Record extracts:
= Beginning of Section =

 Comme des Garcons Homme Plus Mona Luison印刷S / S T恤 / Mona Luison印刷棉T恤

= End of Section =
= Beginning of Section =

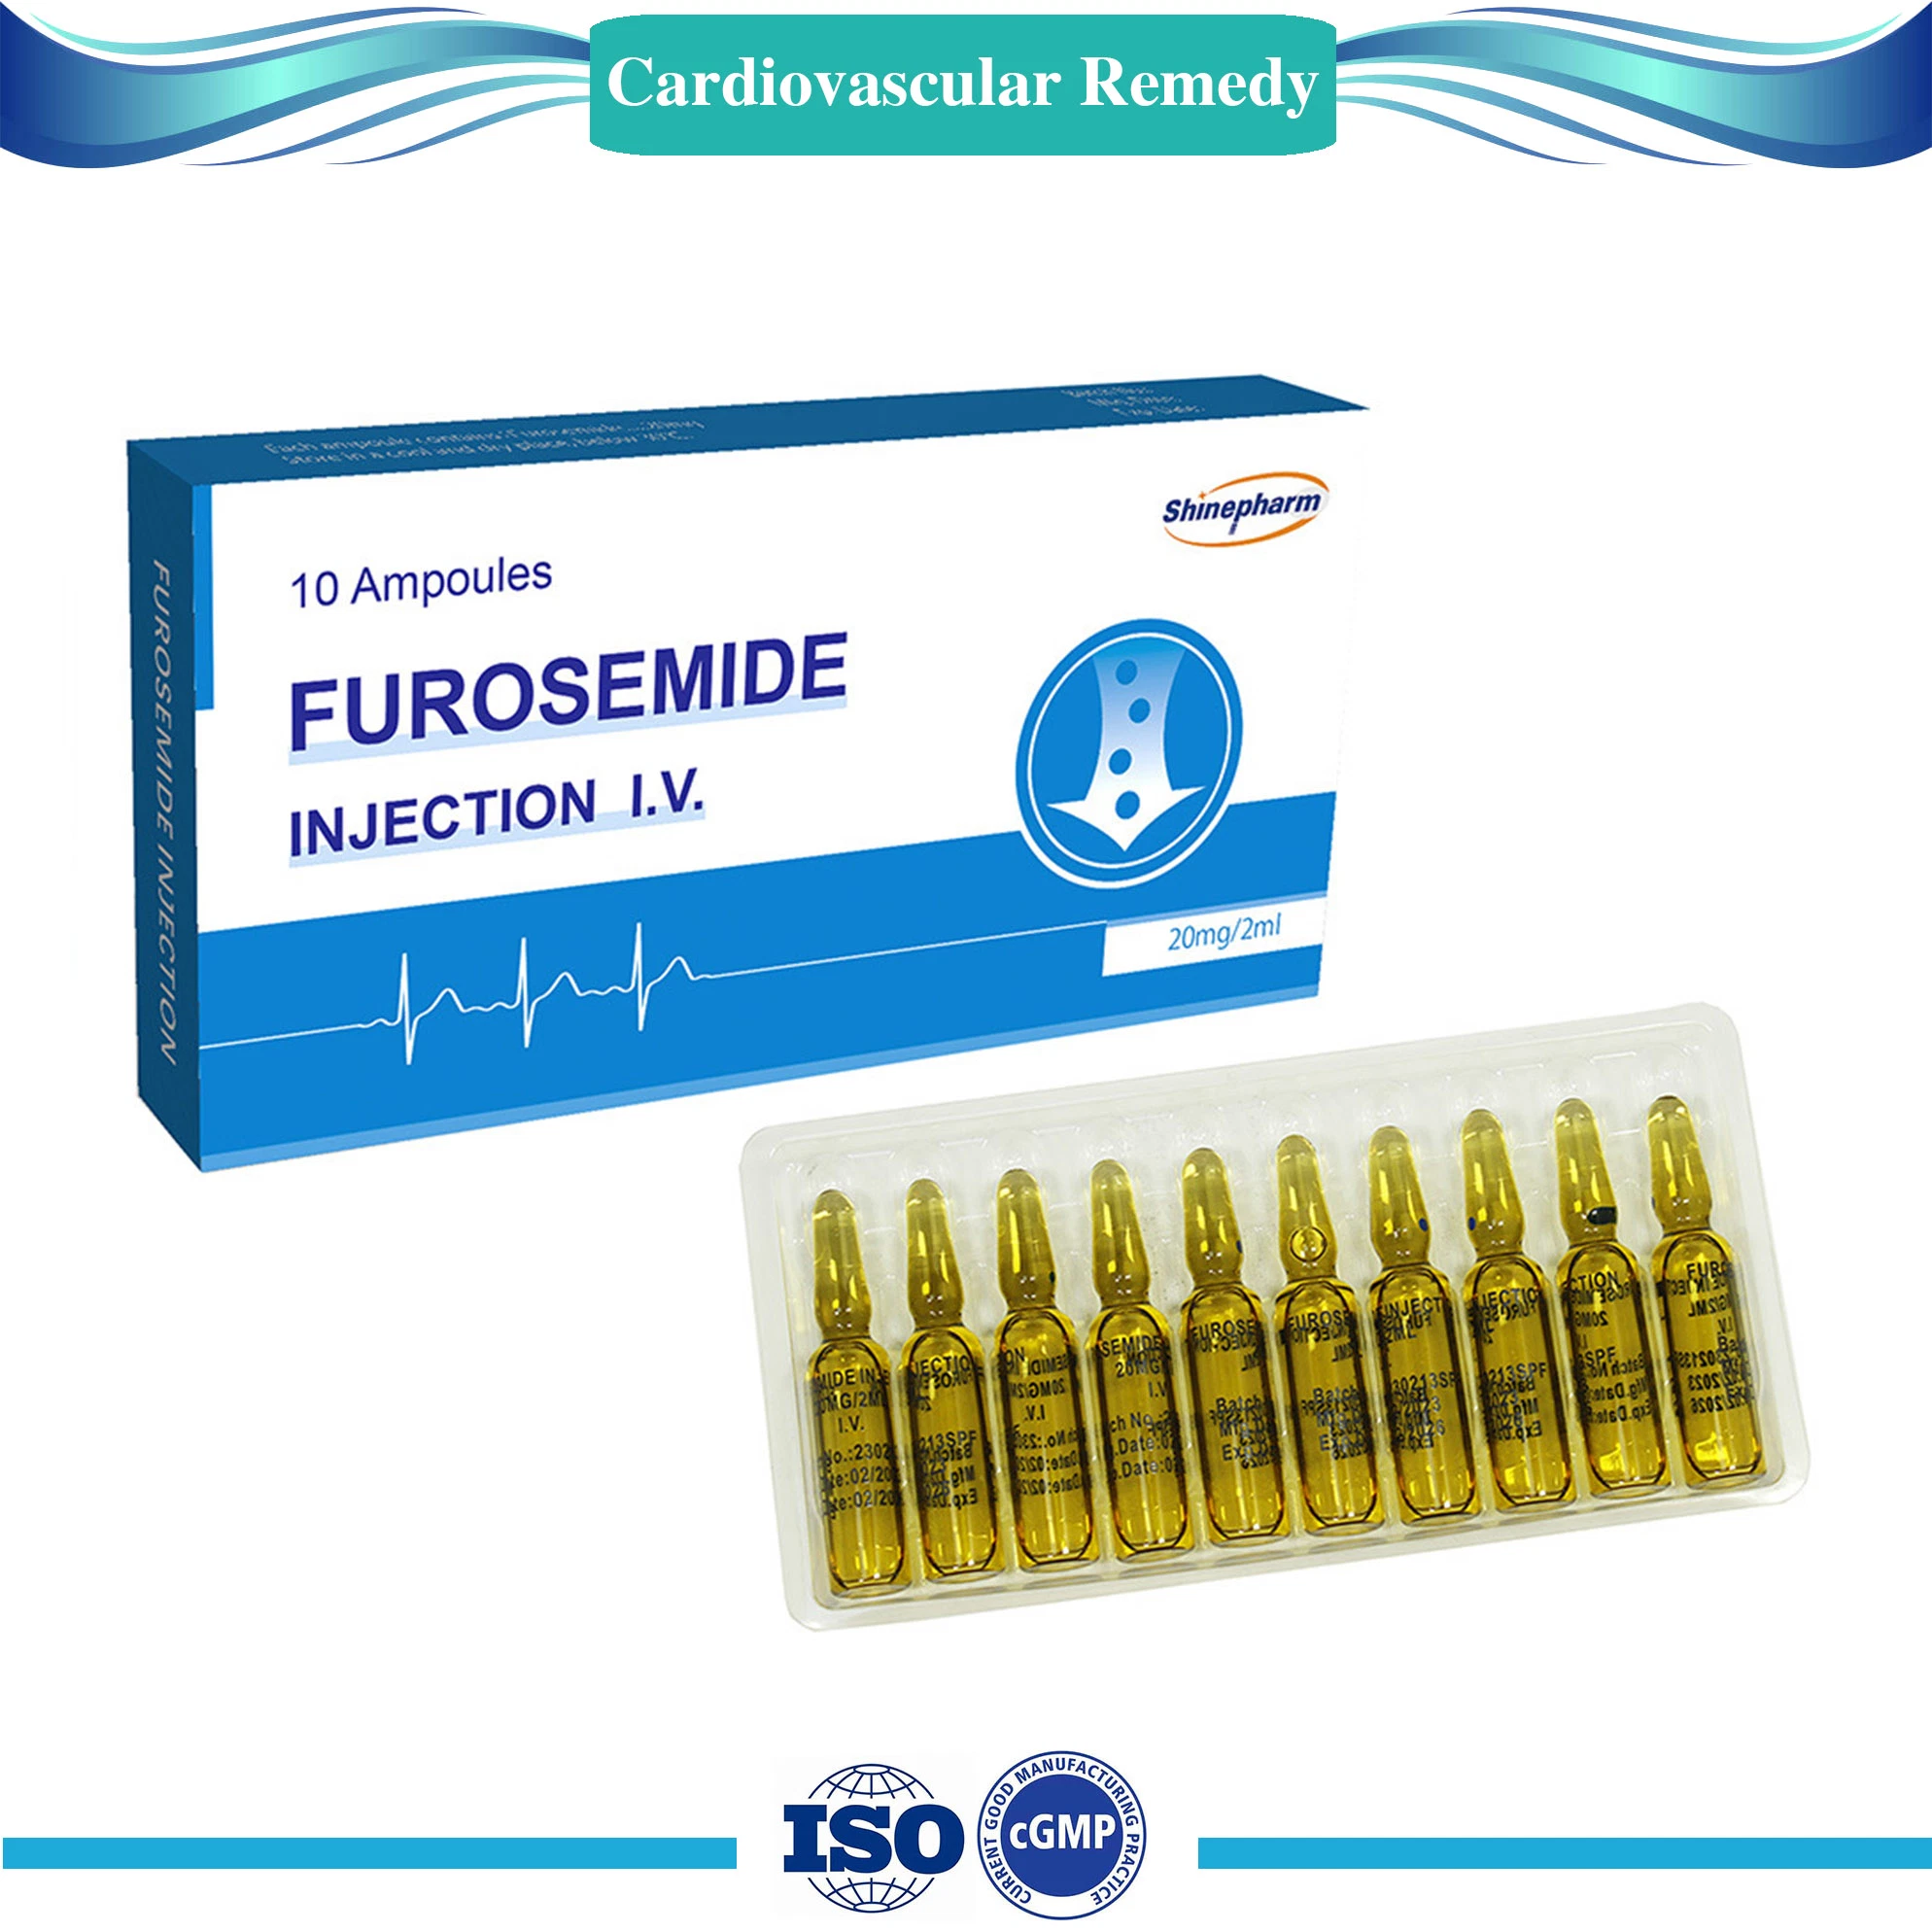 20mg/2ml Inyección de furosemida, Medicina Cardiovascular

= End of Section =
= Beginning of Section =

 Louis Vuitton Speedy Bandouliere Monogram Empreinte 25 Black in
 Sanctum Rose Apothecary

= End of Section =

To do: Copy verbatim, from the listing above, each line from the one containing "Louis Vuitton Speedy" down to the one containing "Sanctum Rose Apothecary", inclusive.

Output:
 Louis Vuitton Speedy Bandouliere Monogram Empreinte 25 Black in
 Sanctum Rose Apothecary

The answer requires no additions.